Abdul Samad Isyaku Rabiu  (born 4 August 1960) is a Nigerian billionaire businessman and philanthropist. His late father, Khalifah Isyaku Rabiu, was one of Nigeria's foremost industrialists in the 1970s and 1980s. Abdul Samad is the founder and chairman of BUA Group, a Nigerian conglomerate concentrating on manufacturing, infrastructure and agriculture and producing a revenue in excess of $2.5 billion. He is also the chairman of the Nigerian Bank of Industry (BOI).
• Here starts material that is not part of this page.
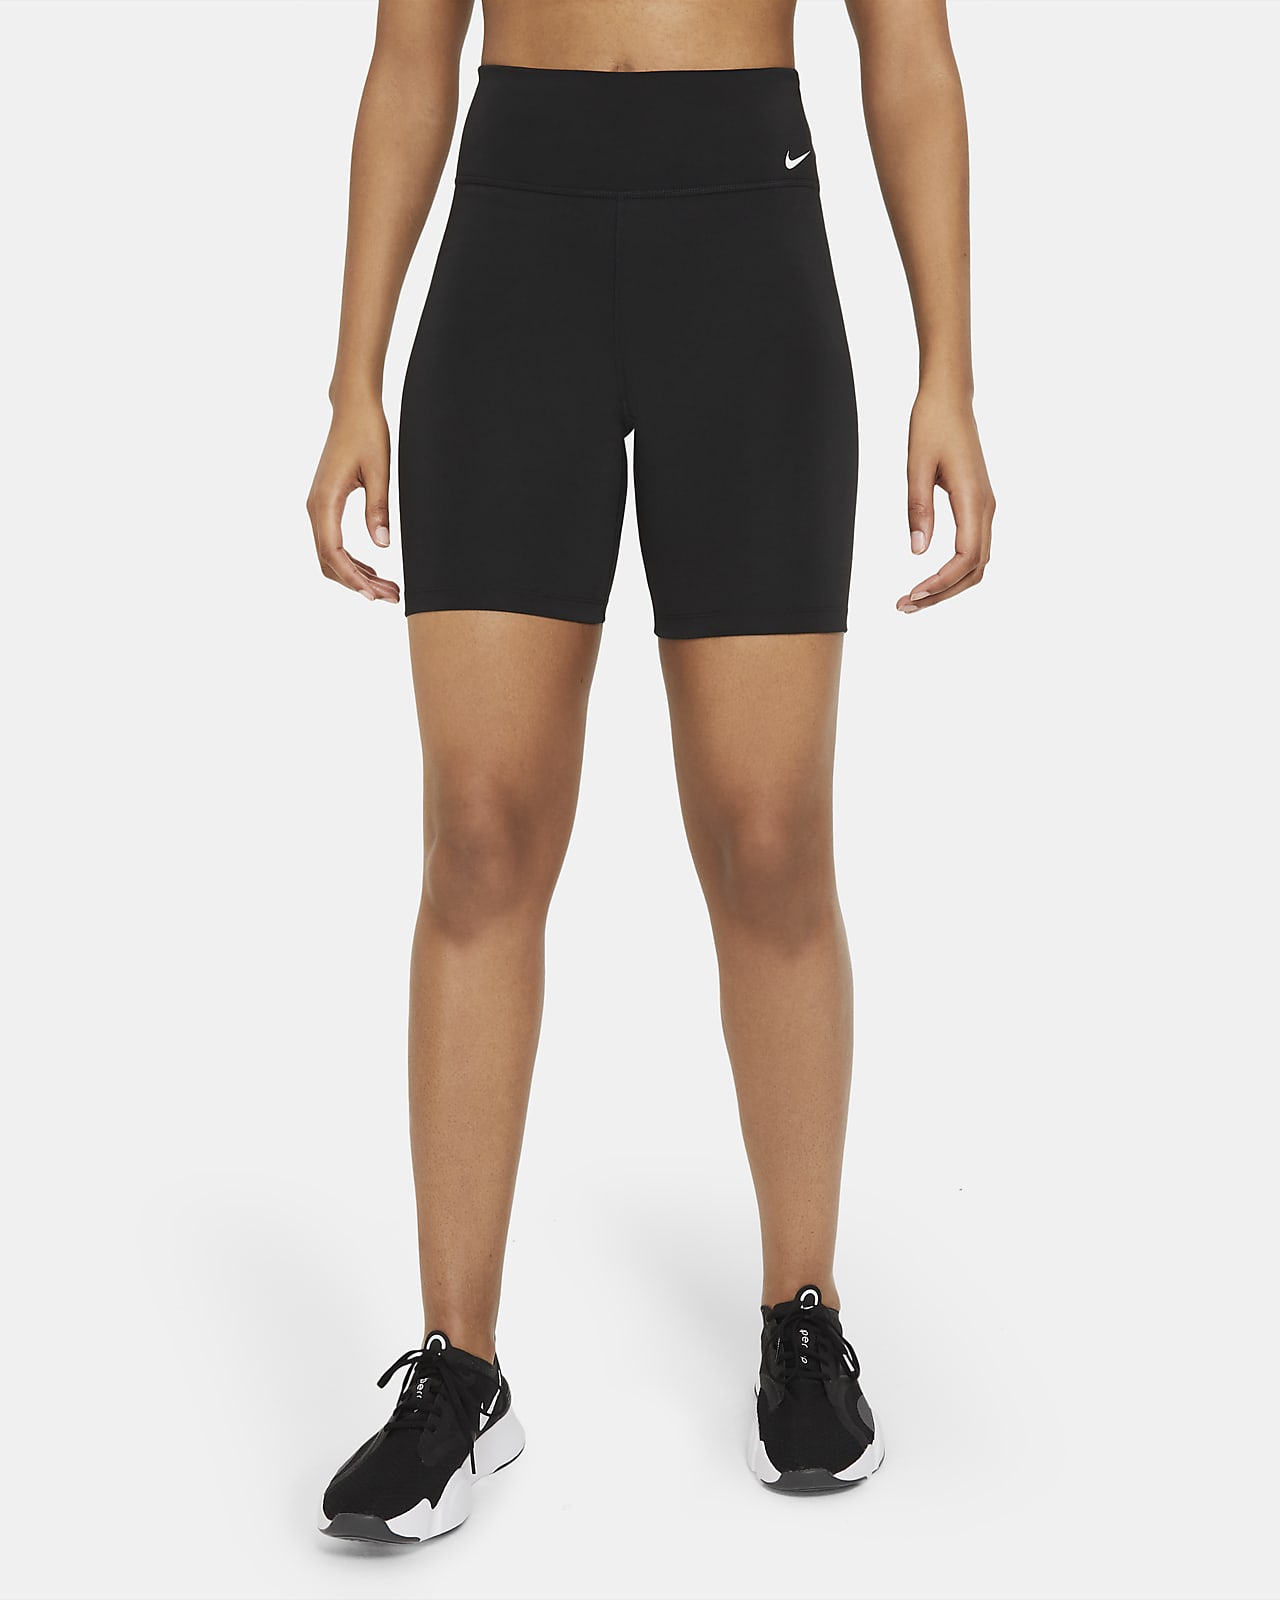 Nike One Normal Belli 18 cm Kadın Bisiklet Şortu

On 7 July 2020, Forbes estimated Rabiu's wealth at $3.2 billion, putting him 716th in the global billionaire's club. In January 2022, he was reported to be the second richest man in Nigeria. In April 2022 he was reported to be the fifth-richest man in Africa, with a net worth of $6.7 billion. In January 2023, Rabiu was reported to have become the 4th richest man in Africa.

Early life 

Abdul Samad Rabiu was born and raised in Kano in the north-western part of Nigeria. He attended Capital University in Columbus, Ohio and returned to Nigeria at the age of 24 to oversee the family business. This was when his father Isyaku Rabiu was being detained by the administration of General Muhammadu Buhari for allegedly not paying rice import duties.

Business 

Abdul Samad Rabiu established BUA International Limited in 1988 for the sole purpose of commodity trading. The company imported rice, edible oil, flour, and iron and steel.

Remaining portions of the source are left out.